Figure 1.
SYC-522 decreased the methylation of H3K79 in MLL-rearranged leukemia cell lines.
(A) MV4-11 cells were treated with 3 µM SYC-522 and (B) MOLM13 cells were treated with 10 µM SYC-522. The histone proteins were extracted from the cell lysates after 0, 3, or 6 days of treatment. H3K79 di-methylation, H3K4 tri-methylation and H3K27 tri-methylation were assessed using specific antibodies. Representative Western blots are shown on the left, and averaged densitometry values are shown on the right. Levels of methylated H3K4, H3K27 and H3K79 were normalized to the corresponding total H3 and shown as a fold change of values for untreated cells. Bars represent the mean ±SEM of 3 independent experiments. *: p<0.05, day 0 vs. day 3 or 6, unpaired t-test.
Figure 2.
SYC-522 decreased the expression of key genes in leukemia cell lines.
HOXA9, MEIS1, CCND1 and BCL2L1 mRNA levels in (A) MV4-11 and (B) MOLM13 cells were analyzed by quantitative real-time PCR at 0, 3, or 6 days after SYC-522 treatment. HOXA9 and MEIS1 expression were not detectable in (C) NB4 and (D) HL-60 cells. Only CCND1 and BCL2L1 mRNA expression were analyzed in these two cell lines. The mRNA expression was normalized to the level of 18S. Values represent the fold change in mRNA levels in treated vs. control cells. Bars represent the mean ±SEM of 3 independent experiments. *: p<0.05, day 0 vs. day 3 or 6, unpaired t-test.
Figure 3.
SYC-522 inhibited the colony formation ability of primary MLL-rearranged leukemia cells.
Bar charts show the average percent change in CFU numbers in (A) three independent primary MLL-rearranged AML samples, (B) three independent primary MLL-rearranged ALL samples, and (C) three independent normal bone marrow (NBM) samples, after SYC-522 treatment. CFUs were counted after 14 days and the values from duplicate dishes were averaged and expressed as percent of the untreated control. Values represent the mean ±SEM of 3 independent primary samples *: p<0.05, untreated vs. SYC-522 treated, One-way ANOVA followed by Tukey's post tests.
Figure 4.
SYC-522 promoted the differentiation of MLL-rearranged leukemia cell lines and primary MLL-rearranged AML cells.
(A) MV4-11 cells were treated with 3 µM SYC-522 and MOLM13 cells were treated with 10 µM SYC-522 for up to 18 days. Cells were analyzed by flow cytometry for CD14 expression. MFI (mean fluorescence intensity) ratio = MFI (SYC-522 treated)/MFI (untreated), n = 3 independent experiments, *p<0.05, unpaired t-test; (B) Primary MLL-rearranged AML cells were harvested after clonogenic assays and stained with Wright Giemsa (original magnification 40X).
Figure 5.
SYC-522 sensitized MLL-rearranged cells to mitoxantrone-induced apoptosis.
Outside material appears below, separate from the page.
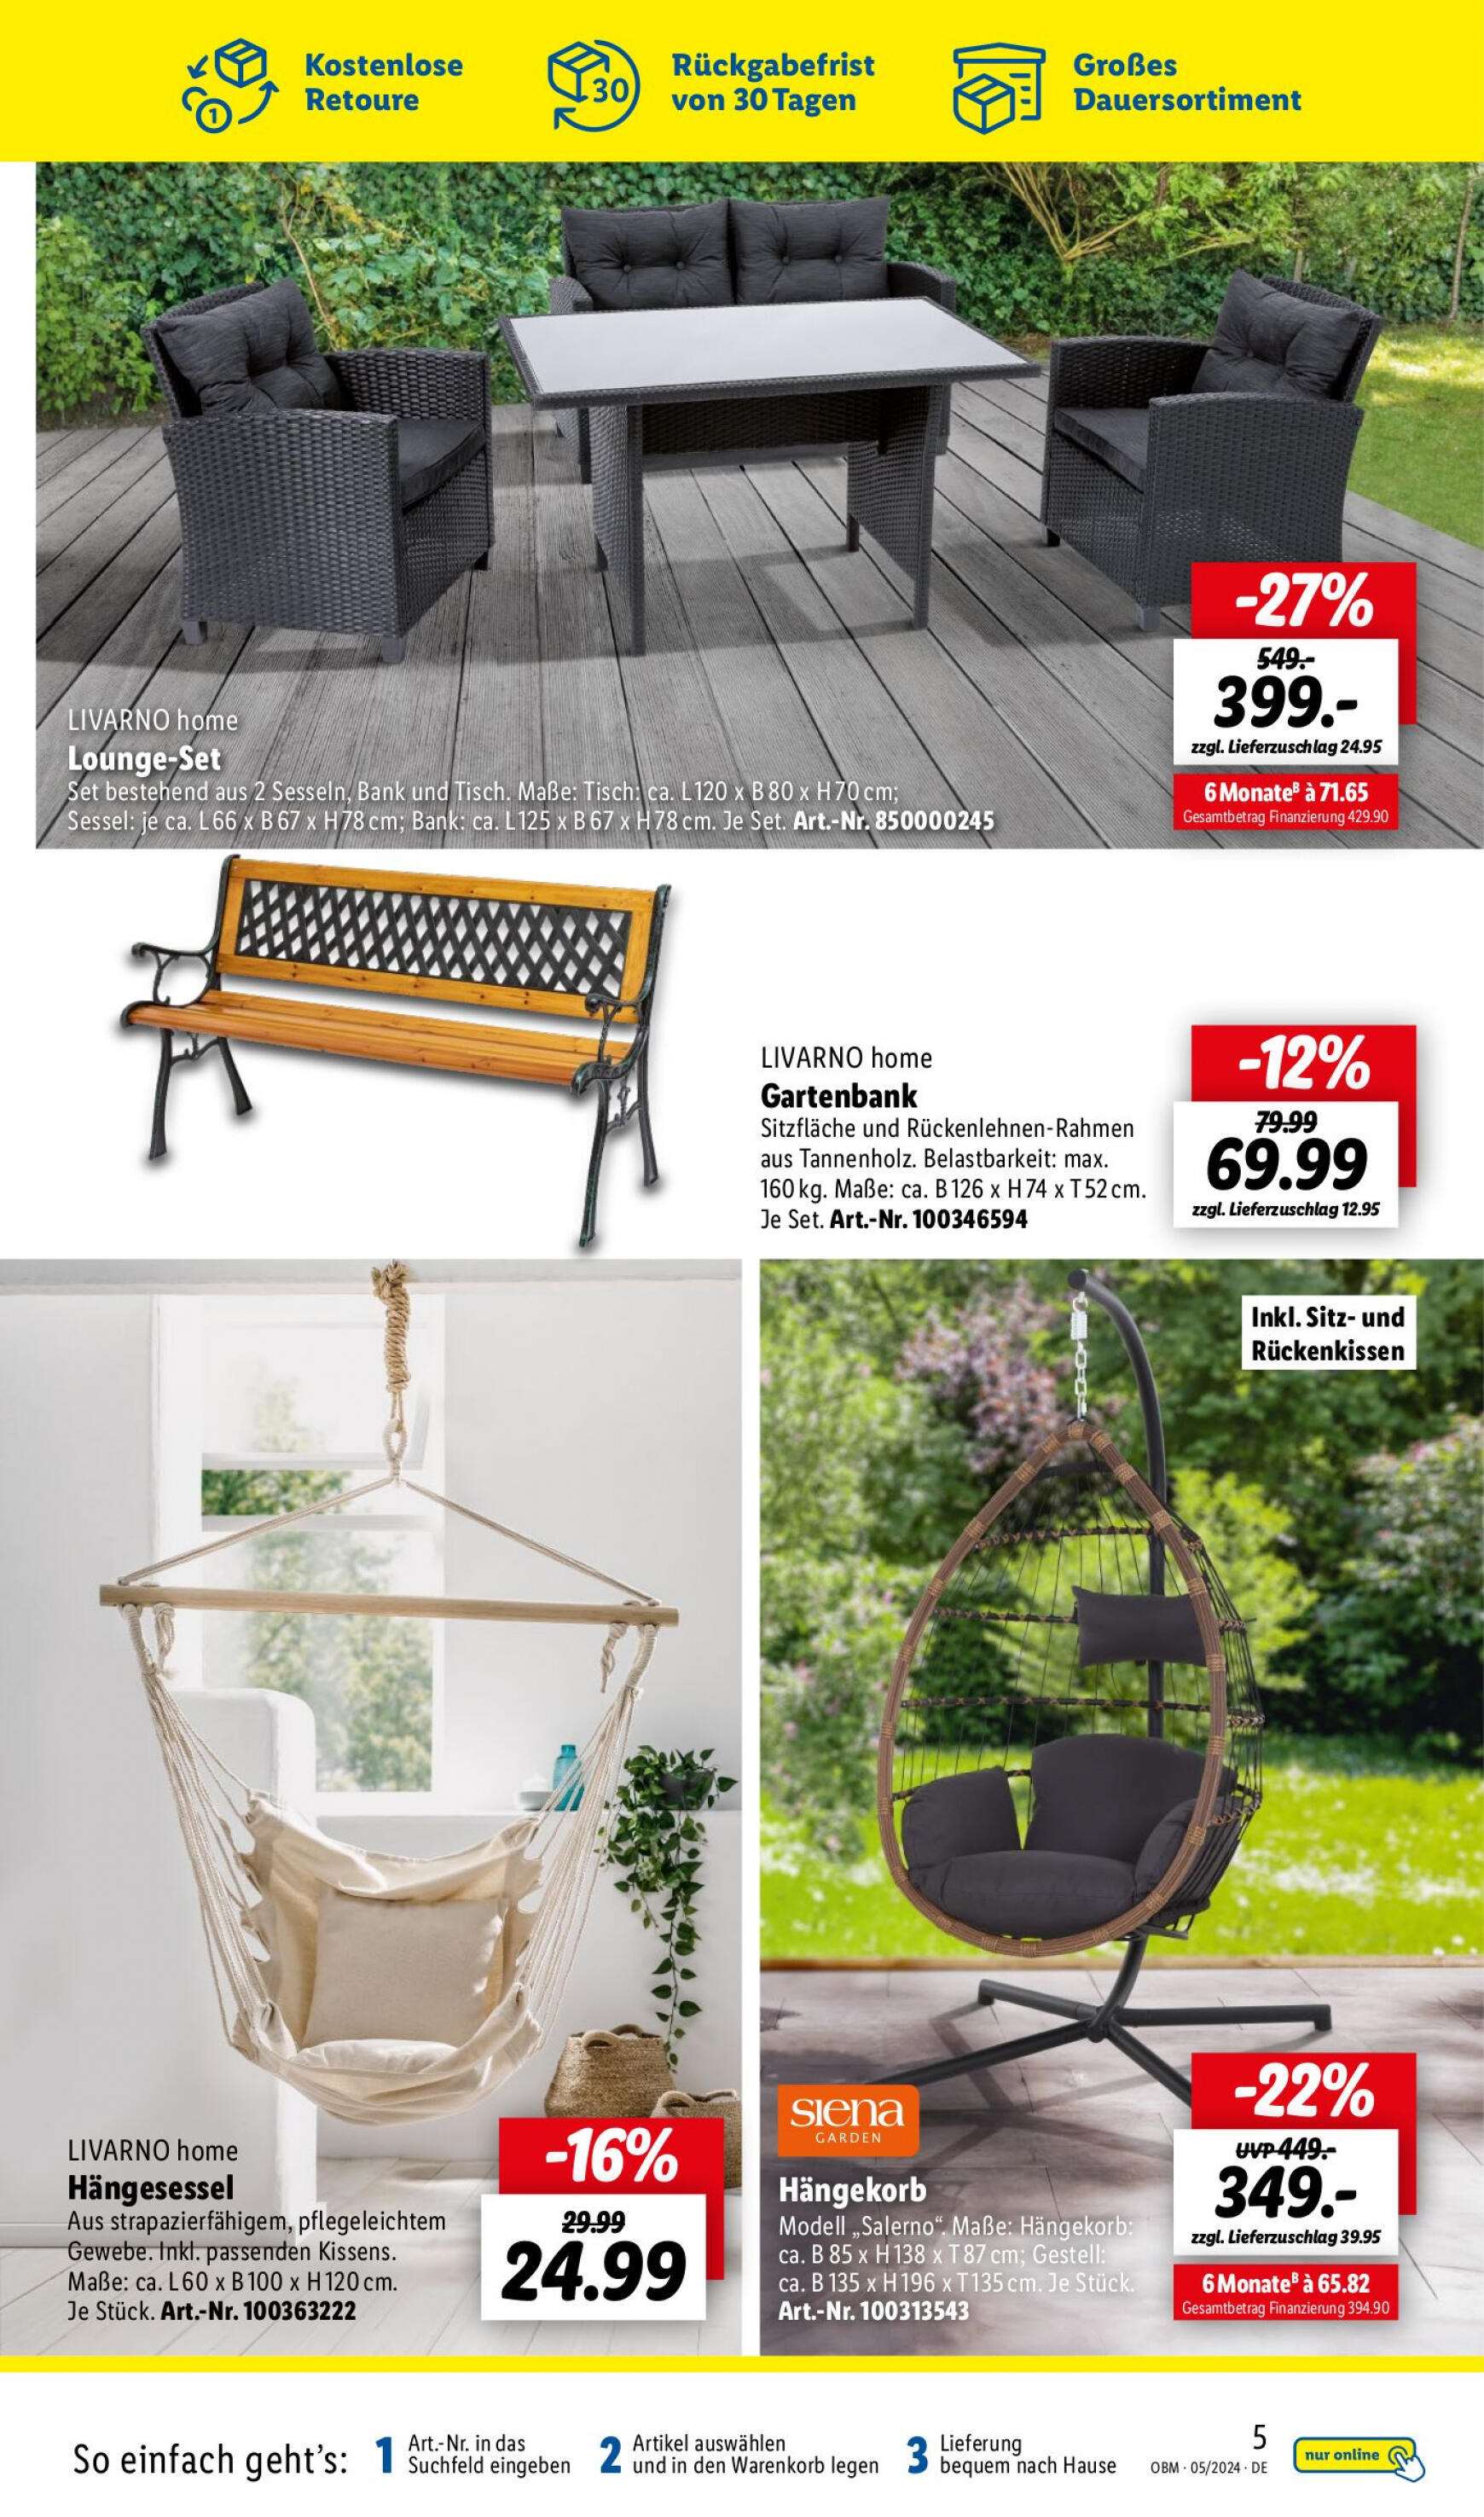 lidl - Flyer Lidl - Aktuelle Onlineshop-Highlights aktuell 01.05. - 31.05. - page: 5

(A) MV4-11 cells were treated with 3 µM SYC-522 and (B–D) other cell lines were treated with 10 µM SYC-522 for 0, 3, or 6 days. Following pretreatment, mitoxantrone (10 nM or 100 nM) was added to cells for 24 h incubation before the measurement of cell apoptosis by Annexin V staining. Bars represent the mean ±SEM of 3 independent experiments. *: p<0.05, chemotherapy vs. chemotherapy +SYC-522, unpaired t-test. (E–F) Two primary MLL-rearranged AML samples were cultured in methylcellulose and treated with SYC-522 (10 µM) and chemotherapy (etoposide 100 nM or 1 µM; or mitoxantrone 10 nM or 100 nM). After two weeks, the total numbers of colonies were counted for each sample, and the values from duplicate dishes were averaged.
Figure 6.
SYC-522 impaired DNA damage response and promoted mitoxantrone- induced apoptosis in MV4-11 cells.
MV4-11 cells were pretreated with SYC-522 (3 µM) for 3 or 6 days, followed by 100 nM mitoxantrone for 4 h. Then mitoxantrone was washed away and cells were incubated in fresh medium for 12 h. The cells were then analyzed by flow cytometry for the percent viable and repairing (γH2AX+/cPARP−; blue gate) and the percent undergoing apoptosis (cPARP+; red gate). A representative series of dot plots is shown. Bars represent the mean ±SEM for 3 independent experiments. *: p<0.05, chemotherapy vs. chemotherapy +SYC-522, unpaired t-test.